Classification of patients with dementia in a late life depression cohort using structural MRI
Bibliographic record
Abstract
Abstract Background Late life depression (LLD) is a risk factor for cognitive impairment, with up to 40% of depressed older adults showing persistent cognitive deficits even after symptom remission. Over 20% of Alzheimer’s disease patients exhibit depression‐like symptoms which can represent an early marker of disease (Tsuno et Homma., 2009). We hypothesized that automated classification algorithms trained on structural MRI could predict adjudicated diagnosis of cognitive impairment (CI) in this cohort. Method Our study evaluated 295 patients with LLD. An adjudication committee consisting of two board‐certified psychiatrists and a clinical neuropsychologist determined ground‐truth labels for patient diagnostic results of CI (N = 145) or No CI (N = 150). Patients underwent T1‐weighted scans, which were segmented with Freesurfer 6.0.1 (freesurfer.net) packaged with fMRIPrep 1.5.8 (fmriprep.org) using the Desikan‐Killiany atlas. Cortical thickness and volumetric data were obtained along with demographic parameters. Freesurfer data was then regressed against estimated total intracranial volume. 11 classifications algorithms implemented in R were trained and tested on 209 and 88 patients, respectively, to classify if a patient has CI. All continuous‐valued data were normalized with respect to the training set mean and standard deviation. Result Table 1 shows results from multiple classifications algorithms, including high sensitivity, specificity, and accuracy from adaptive boosting algorithms.
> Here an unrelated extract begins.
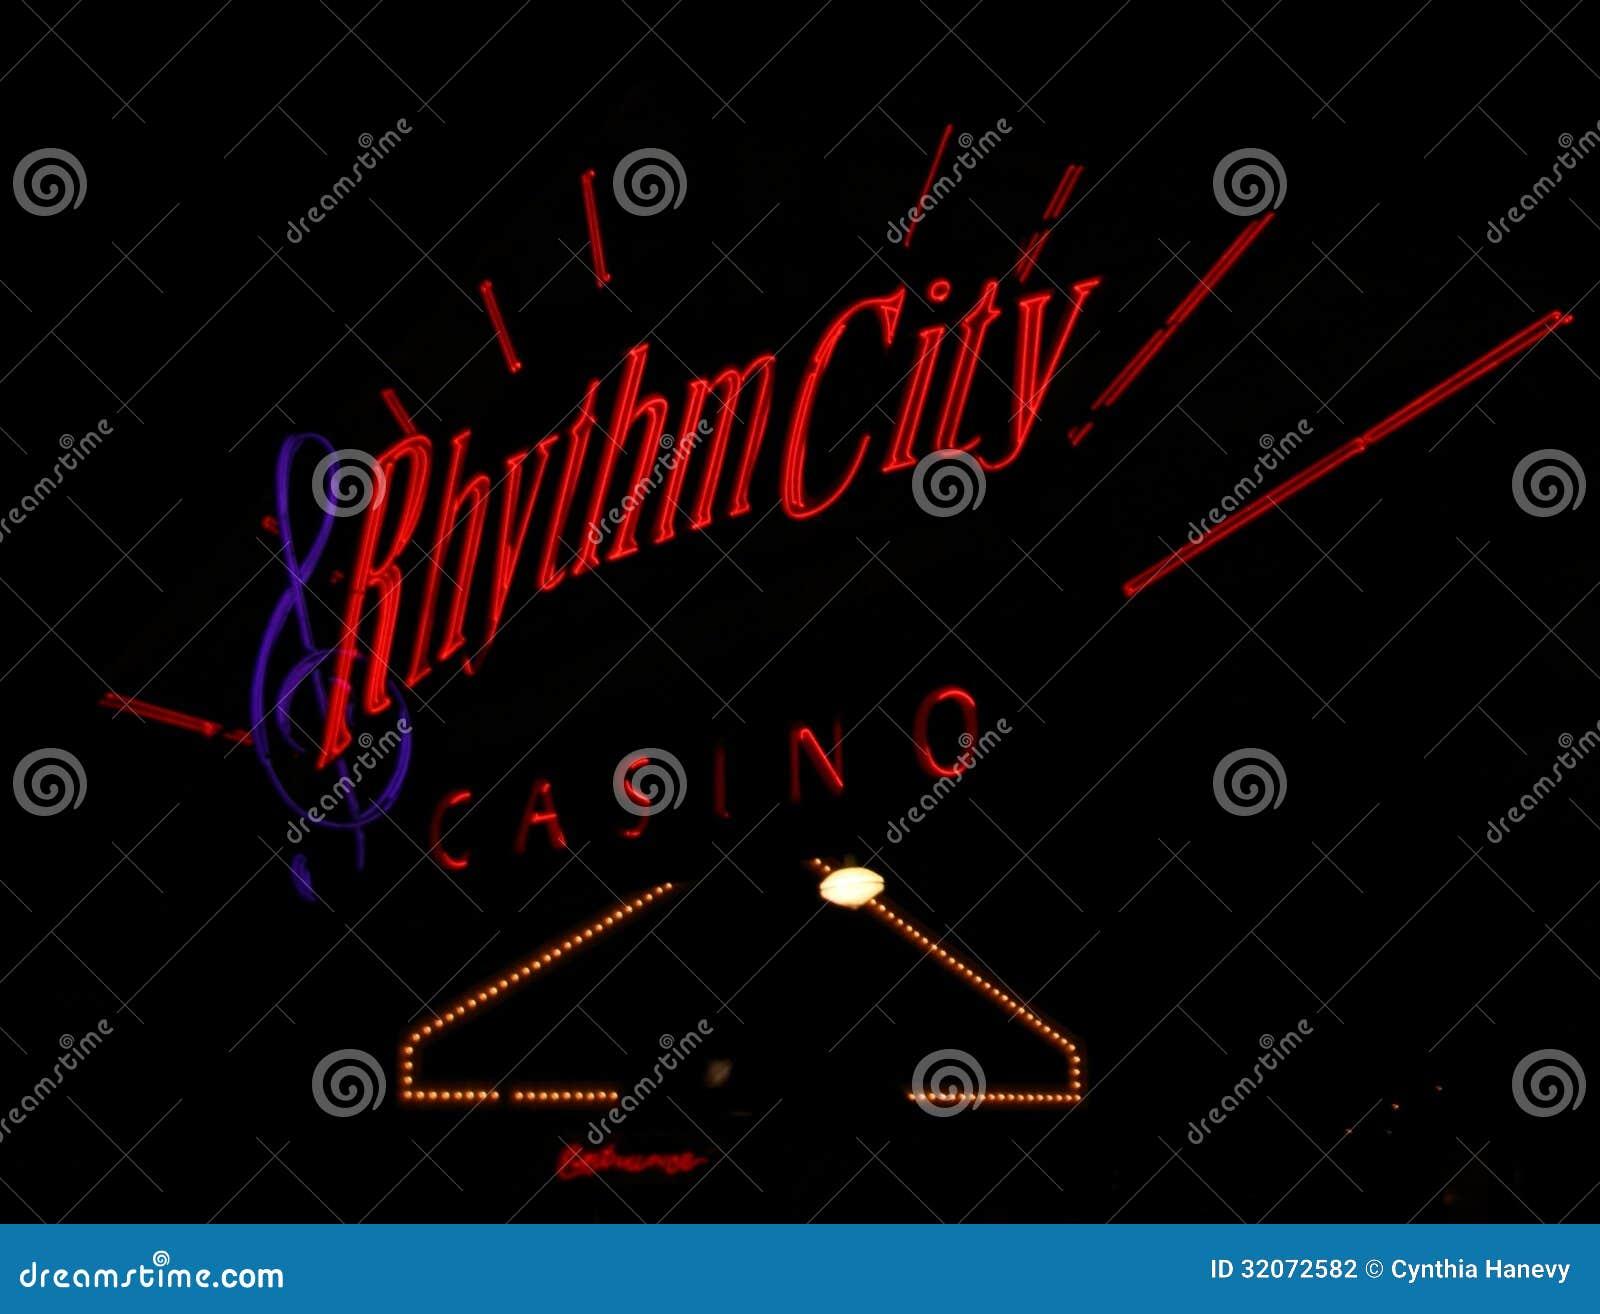 Rhythm city casino west river drive davenport ia

The latter algorithms iteratively optimize a set of binary classification tree algorithms (Freund et Schapire., 1996). Conclusion Volumetric structural MRI biomarkers trained with machine learning classifiers can adequately categorize depressed older adults with CI which could assist the adjudication process. Future work incorporating structural MRI biomarkers with gold standard clinical data may improve earlier detection of cognitive impairment stemming from a neurodegenerative etiology. References : 1. Tsuno, N., & Homma, A. (2009). What is the association between depression and Alzheimer’s disease?. Expert review of neurotherapeutics, 9(11), 1667‐1676. 2. Freund, Y., & Schapire, R. E. (1996, July). Experiments with a new boosting algorithm. In icml (Vol. 96, pp. 148‐156).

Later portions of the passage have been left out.